_Exercise_.
In the data below, find the line with "Interiérový/exteriérový oboustranný koberec" and the line with "Materiál použitý v", then restate both and every line between them exactly, minus the pictures.
START Dataset records
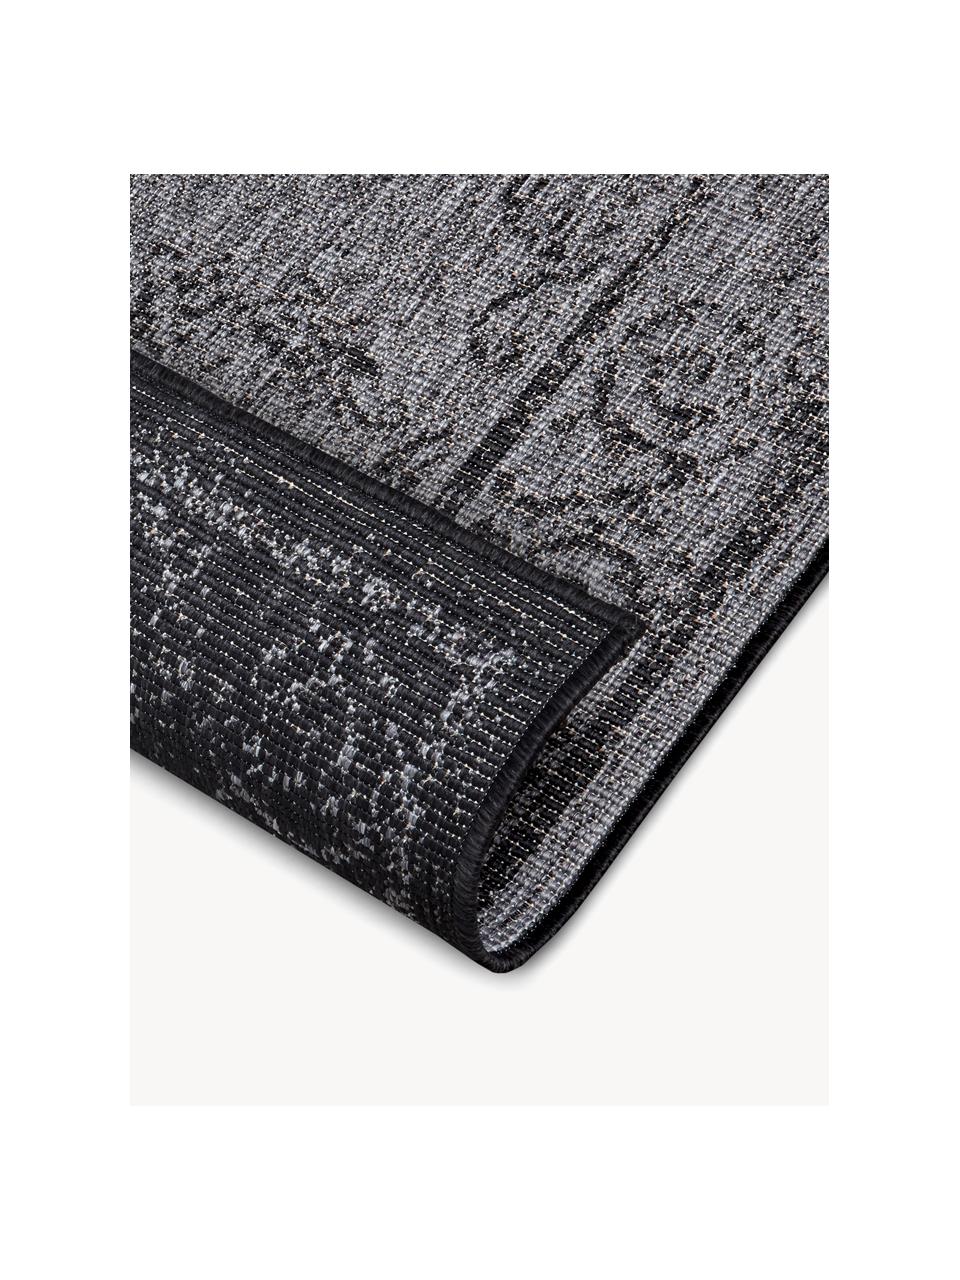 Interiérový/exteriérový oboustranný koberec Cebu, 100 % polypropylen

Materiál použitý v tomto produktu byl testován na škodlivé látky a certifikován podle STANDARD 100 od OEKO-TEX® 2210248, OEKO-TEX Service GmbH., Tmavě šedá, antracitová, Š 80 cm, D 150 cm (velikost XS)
END Dataset records
START Dataset records
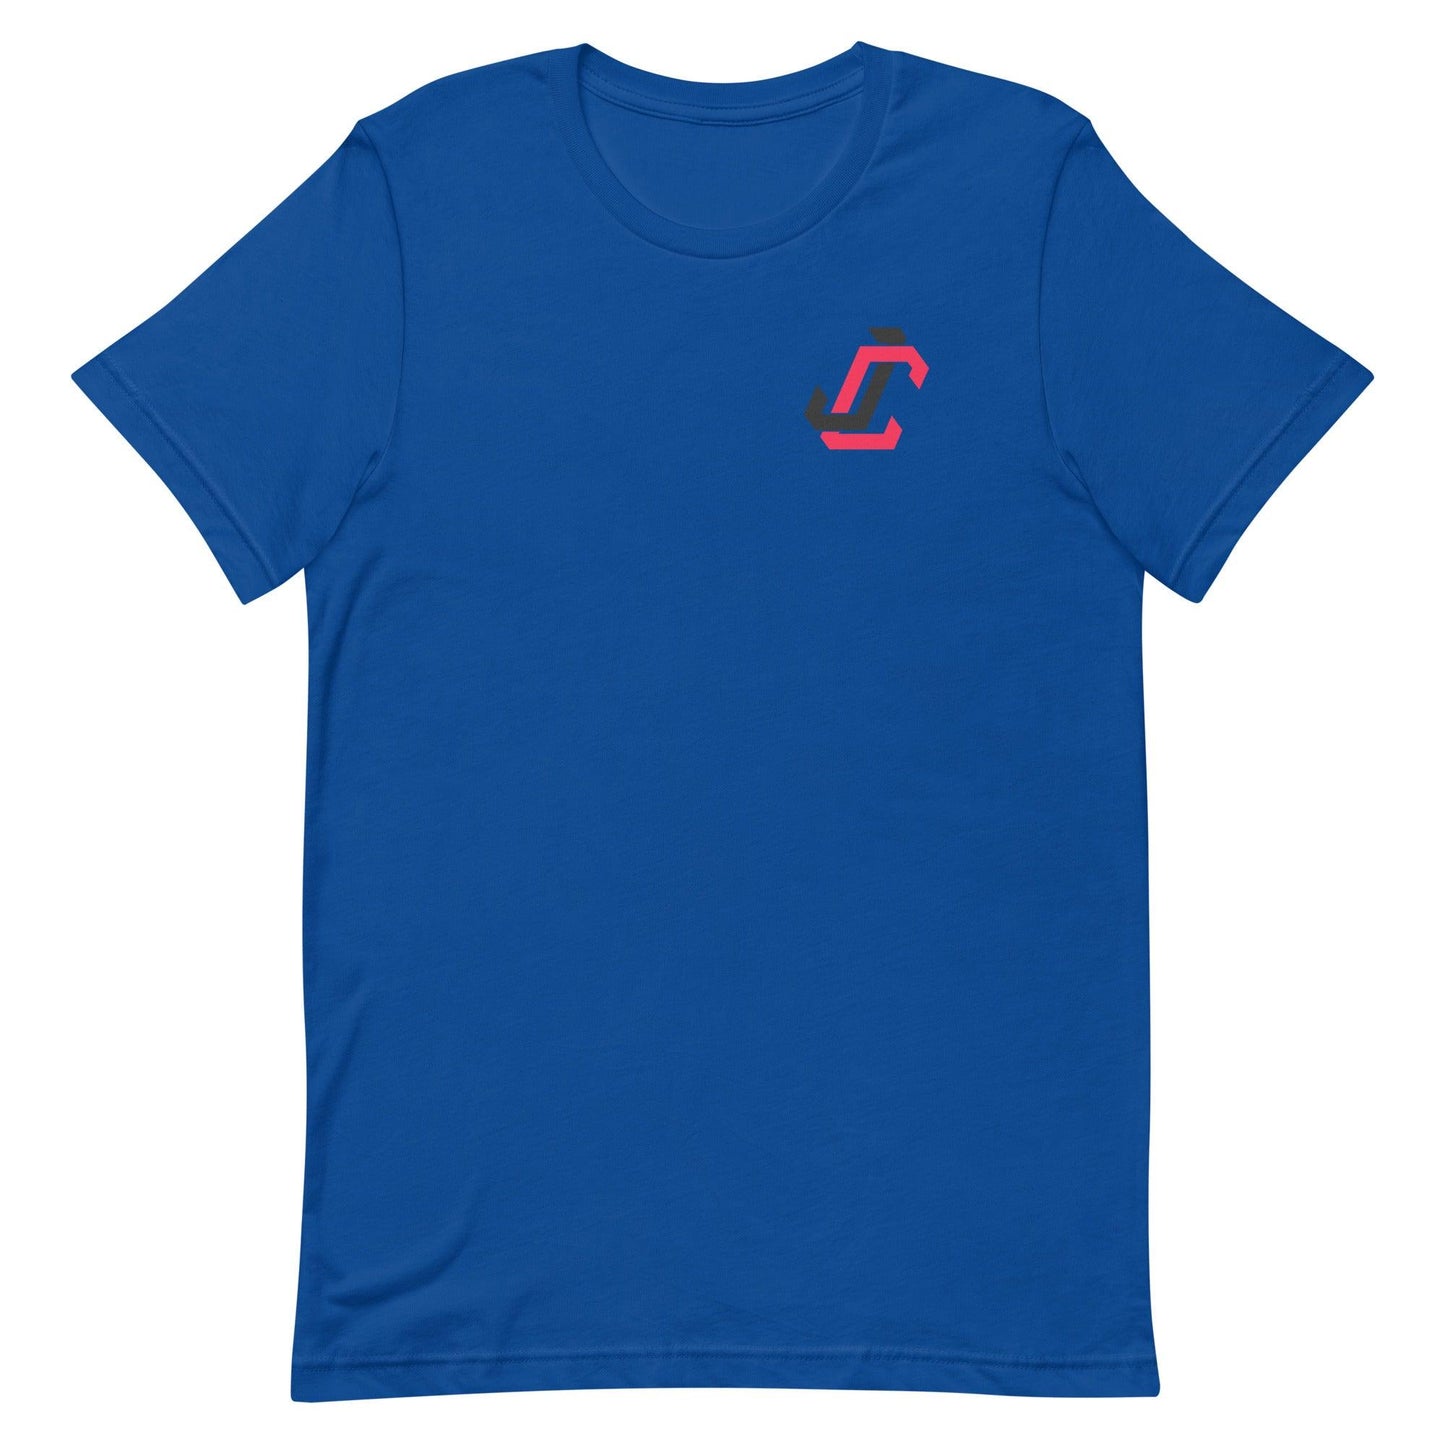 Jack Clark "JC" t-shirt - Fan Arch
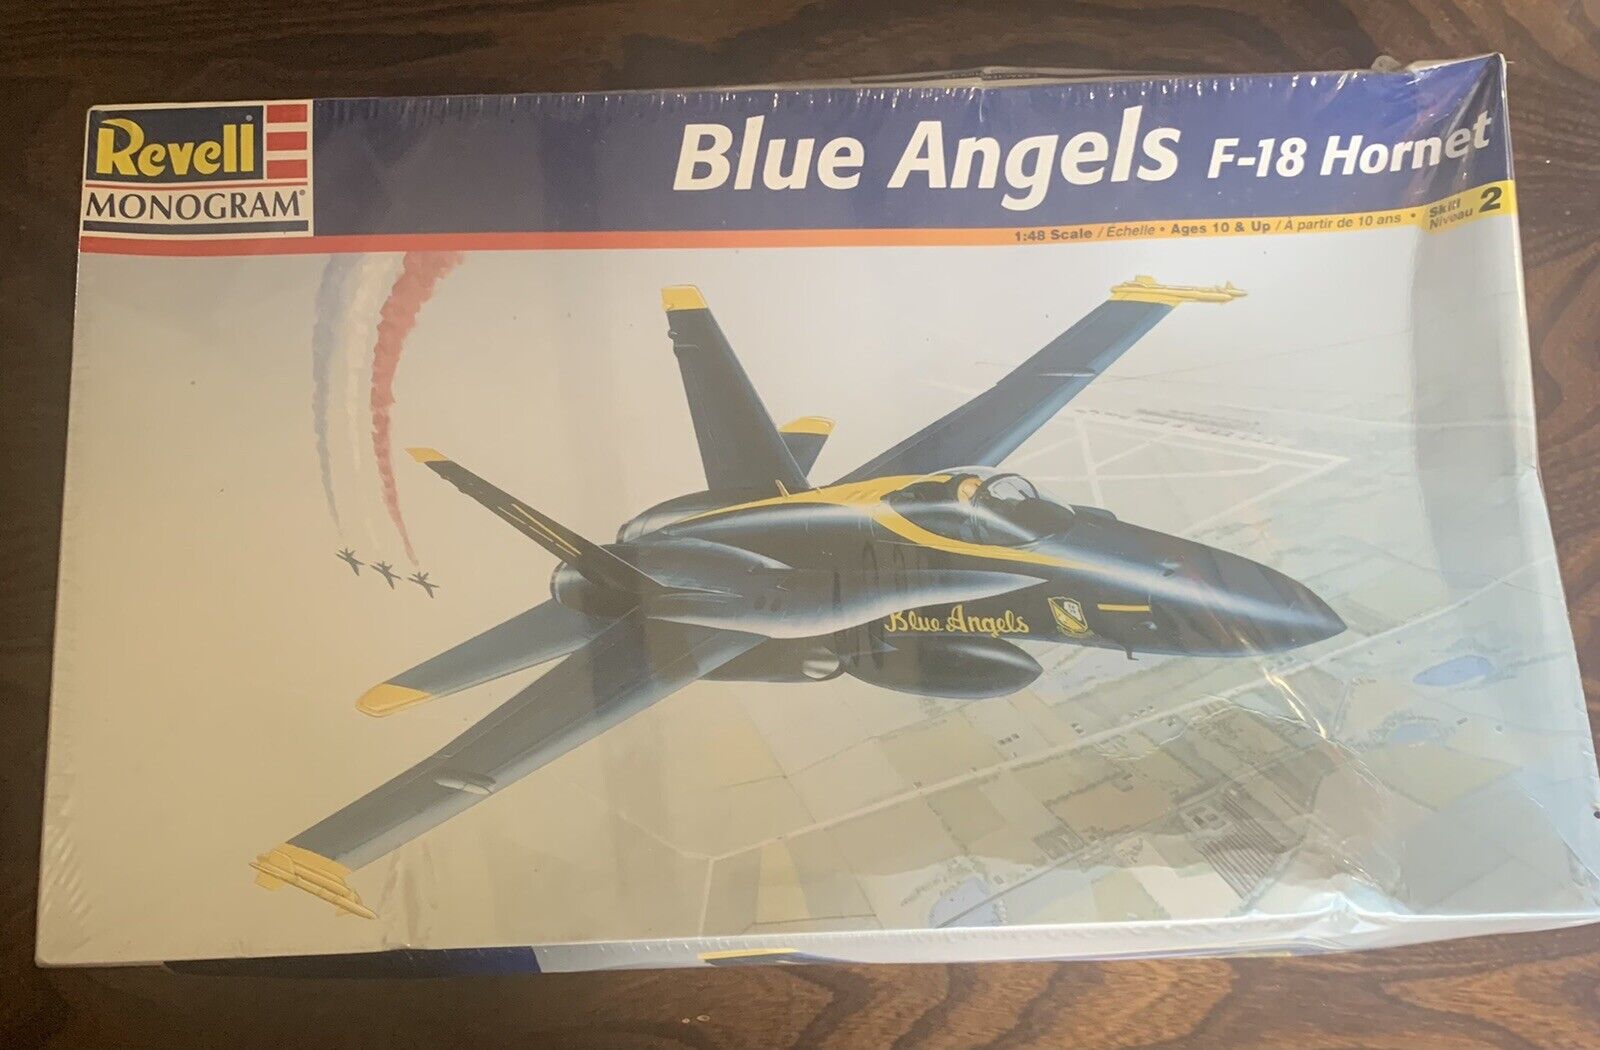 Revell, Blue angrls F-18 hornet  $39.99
END Dataset records
_Answer section_.
 Interiérový/exteriérový oboustranný koberec Cebu, 100 % polypropylen

Materiál použitý v tomto produktu byl testován na škodlivé látky a certifikován podle STANDARD 100 od OEKO-TEX® 2210248, OEKO-TEX Service GmbH., Tmavě šedá, antracitová, Š 80 cm, D 150 cm (velikost XS)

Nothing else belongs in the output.